Seeking the Patterns Amidst the Pattern-Seekers
Book Review: The Pattern Seekers: How Autism Drives Human Invention, by Simon Baron-Cohen
“Al” was a weird dude, Simon Baron-Cohen explains in the opening chapter of The Pattern Seekers: How Autism Drives Human Invention.
When “Al” finally talked at age four, he asked a lot of questions. He chanted the same poem over and over. When his mom finally pulled him out of school, because the teachers were frequently annoyed by him, he conducted science experiments in his basement constantly. He read books in order on a shelf. He became obsessed with Morse Code. As an adult, he formed few human relationships and worked on his various inventions for 18 hours a day without the benefit of a shower.
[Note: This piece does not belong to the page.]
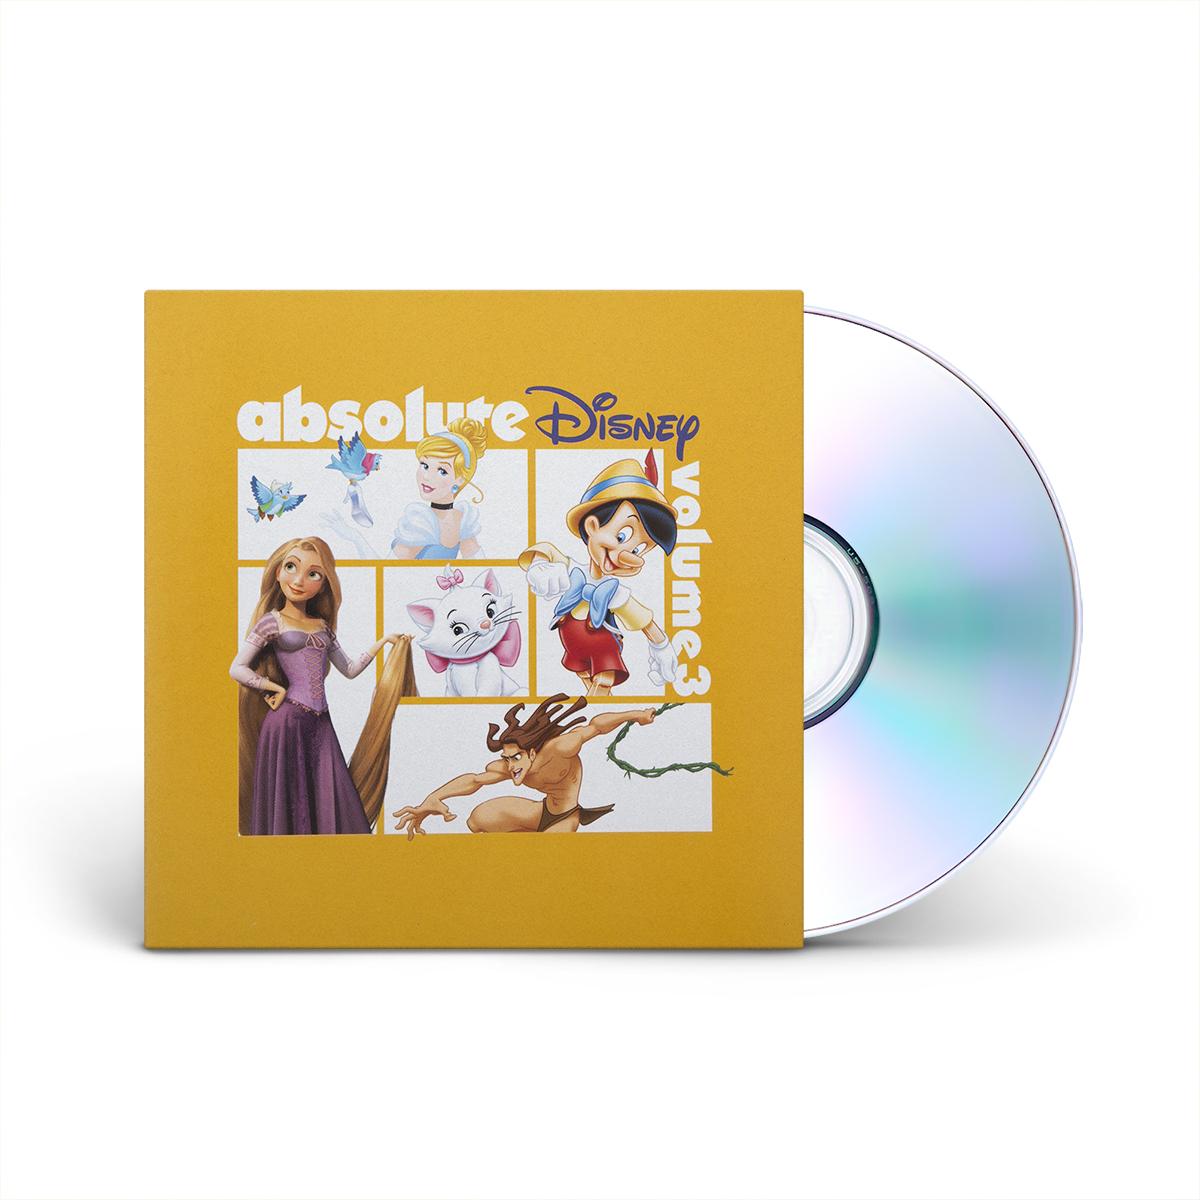 Absolute Disney, Vol. 3

Who is this mysterious “Al?” It’s Thomas Edison, Baron-Cohen triumphantly reveals, and compares Al with his gifts and weirdness to a young man with a form of high functioning autism. While Edison was a highly successful person, who brought great inventions to the human kind, this young man with autism is unemployed and unappreciated.
There are two dominant types of cognition, says Baron-Cohen. The first is the Systemizing Brain that looks for patterns everywhere. The other type of brain is the Empathetic Brain that is more tuned into human emotions. Baron-Cohen says that everybody is somewhere on the spectrum between those brain types with autistic people on the far end of the systemizing brain. (Take the quiz in the image above.) This systemizing brain, he maintains, is the root of all human scientific accomplishment, since some caveman decided to amp-up his spear with a bow thousands of years ago.
Clearly, I have an empathetic brain type, because I have little interest in classifying different brain types with Baron-Cohen’s typology or other popular variants. Baron-Cohen doesn’t offer any evidence that there are two brain types — why only two? why not twelve? He also gets all caught up in some History Channel-style anthropology that is amusing, but not terribly convincing.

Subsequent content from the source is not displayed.